The idea is that the strong focus on trading and ownership would incentivize users to team up and establish complex economic and social structures, and ultimately greatly foster engagement similar to what games like EVE Online do.

Alternative setups following the same idea could be what ImmutableX is aiming for in games like Gods Unchained: A CCG game where blockchain aims to empower collection value and card trading. This is similar to the existing mechanics in physical support games like Magic: The Gathering or Warhammer, where players mostly care about the game, but also often trade their assets (like when I sold my old and boring Space Wolves army to get a kickass Carcharodons squad).

I find this concept the most interesting from a gamer's perspective.
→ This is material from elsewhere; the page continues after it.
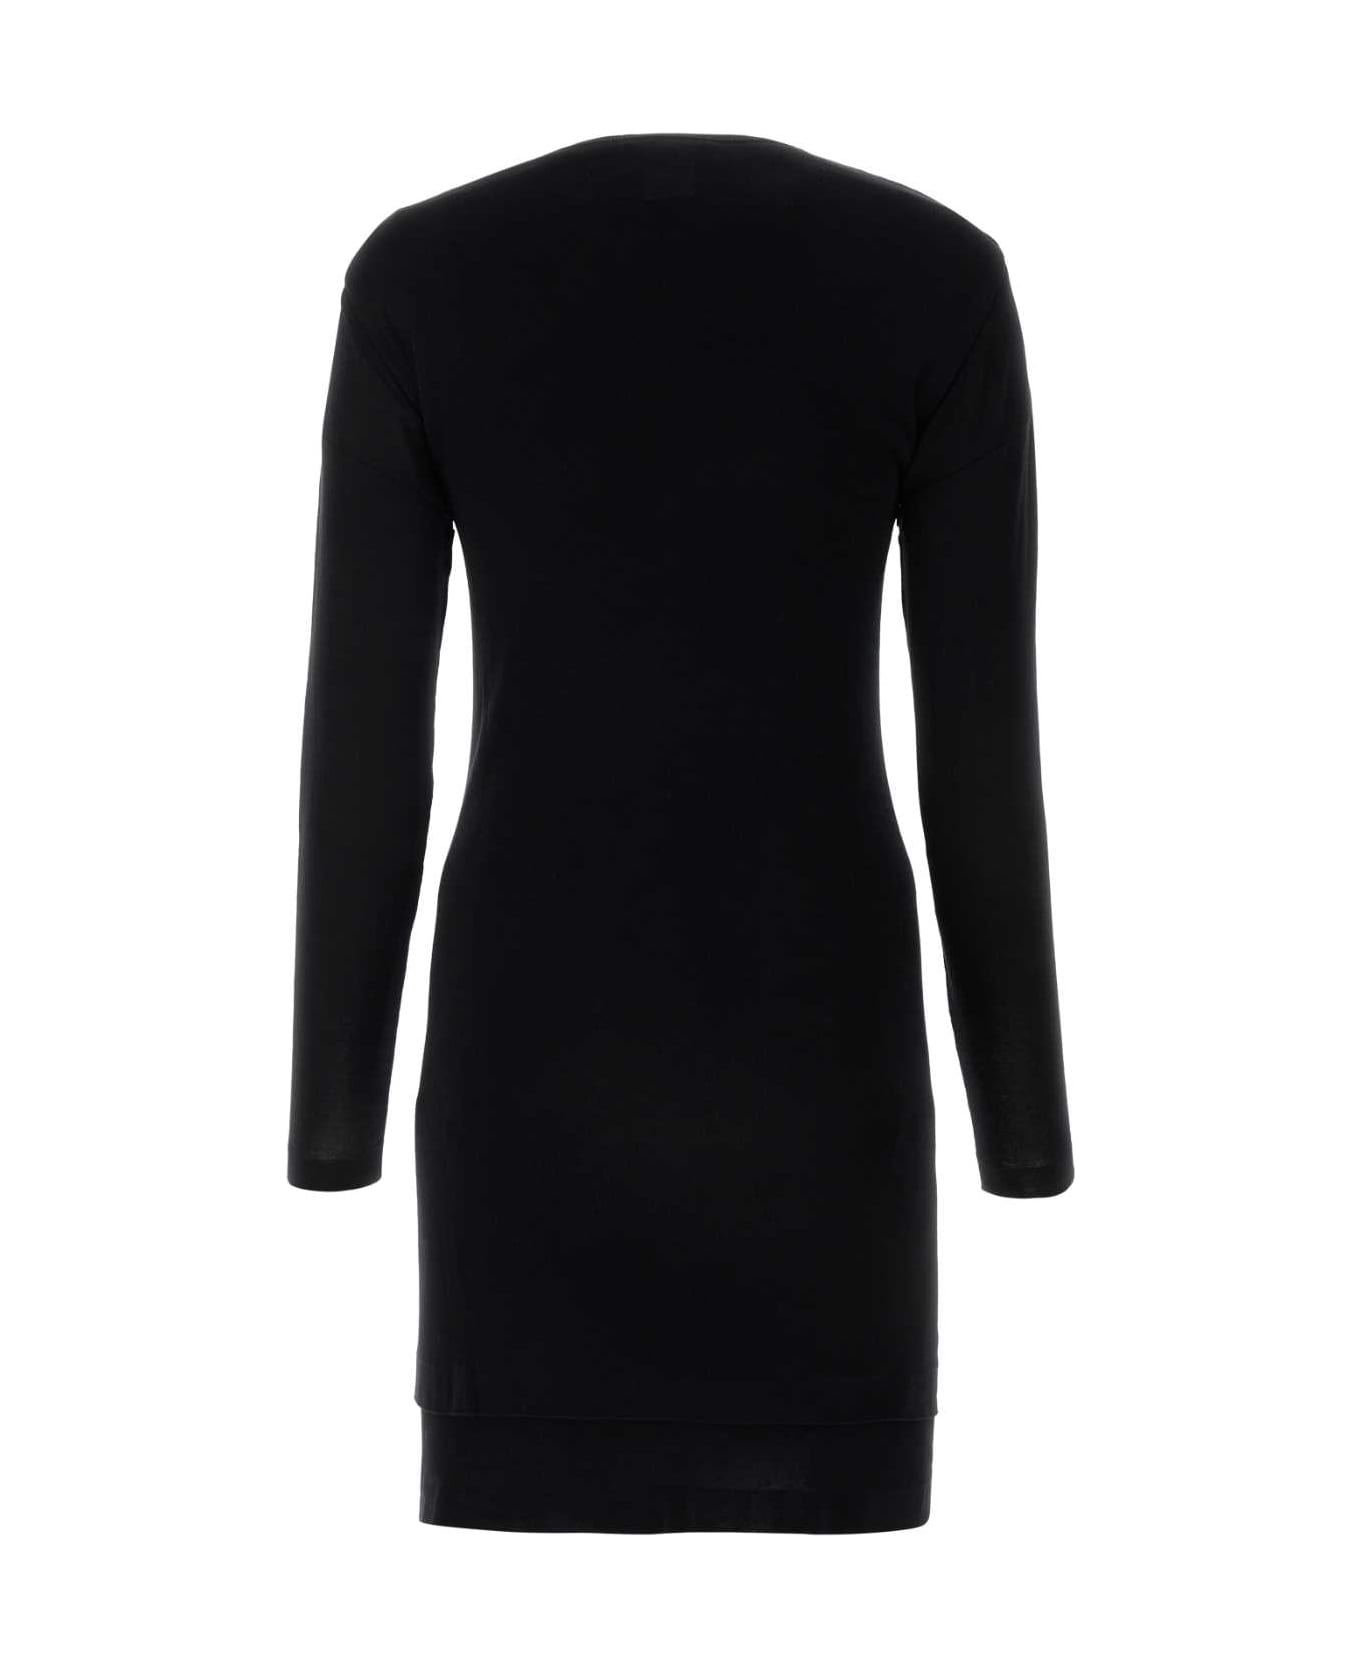 Lemaire Black Cotton Dress - BLACK

But also still very challenging since these assets are closely linked to real value means it requires very close monitoring, making them much harder to manage than in regular games.

Having a game that has the same economic complexity as EVE Online sounds great, but there’s a reason why despite EVE’s success, there has been a limited success at replicating its model, and instead, most MMOs have simpler in-game economics. It’s very hard to manage.

For example, in Warhammer or Magic: The Gathering, a collapse in the secondary market wouldn’t affect the core game too much. But on a play-and-own game, a collapse in the secondary market might mean a lot of game resources flowing at a cheap price, potentially removing the requirement of players to put effort into in-game activities to obtain them.

As a consequence, it seems like a much more complex system under the premise that ownership would make the game more fun, which - even if true - might be easier to manage and scale without any blockchain at all.

Finally, I can anticipate other problems, like how players in these games would be reluctant to the addition of new content that would evaluate their inventories, which limits the capacity of the developer to tweak things to keep the system working and engaging.

That last problem isn’t a big deal in Warhammer or MTG, since the devs get profits exclusively from the primary market. In fact, this is one of the reasons why the digital version of Magic is moving from the previous MTGO which allowed peer-to-peer trading to the more recent MTGA, which doesn’t.

What is next for the Web3 gaming space?

Perhaps the most significant handicap on all of these possibilities is that at the moment blockchain games can only target the current audience that populates the blockchain space

And those players are interested primarily in achieving great returns and becoming early investors because blockchains are first and foremost fast-paced finance speculation tools. And therefore, the current audience will likely prioritize short-term success over better fundamentals that greatly limit growth -- a paradigm actually reinforced by the volatility of the space: “Blockchain games tend to explode, so try to hit the jackpot and move to the next one!”.

That makes me quite pessimistic about the immediate future. In my opinion, the most likely possibility is that when the blockchain environment accelerates again, the new Web3 games that take the spotlight share the same flaws that most that preceded them had.And those that somehow solve the challenges will remain undetected.

Regarding the far future, I think this is still very much an open question. It's possible that eventually, the accumulation of negative experiences by players and investors will force these games to evolve towards approaches that foster sustainability at the cost of growth. Even if it takes a lot of tears first.

This process could also accelerate if these games are able to become attractive to other audiences (that disregard asset value), which are not present nor interested in the blockchain sphere at the moment, especially given the current volatility of the space.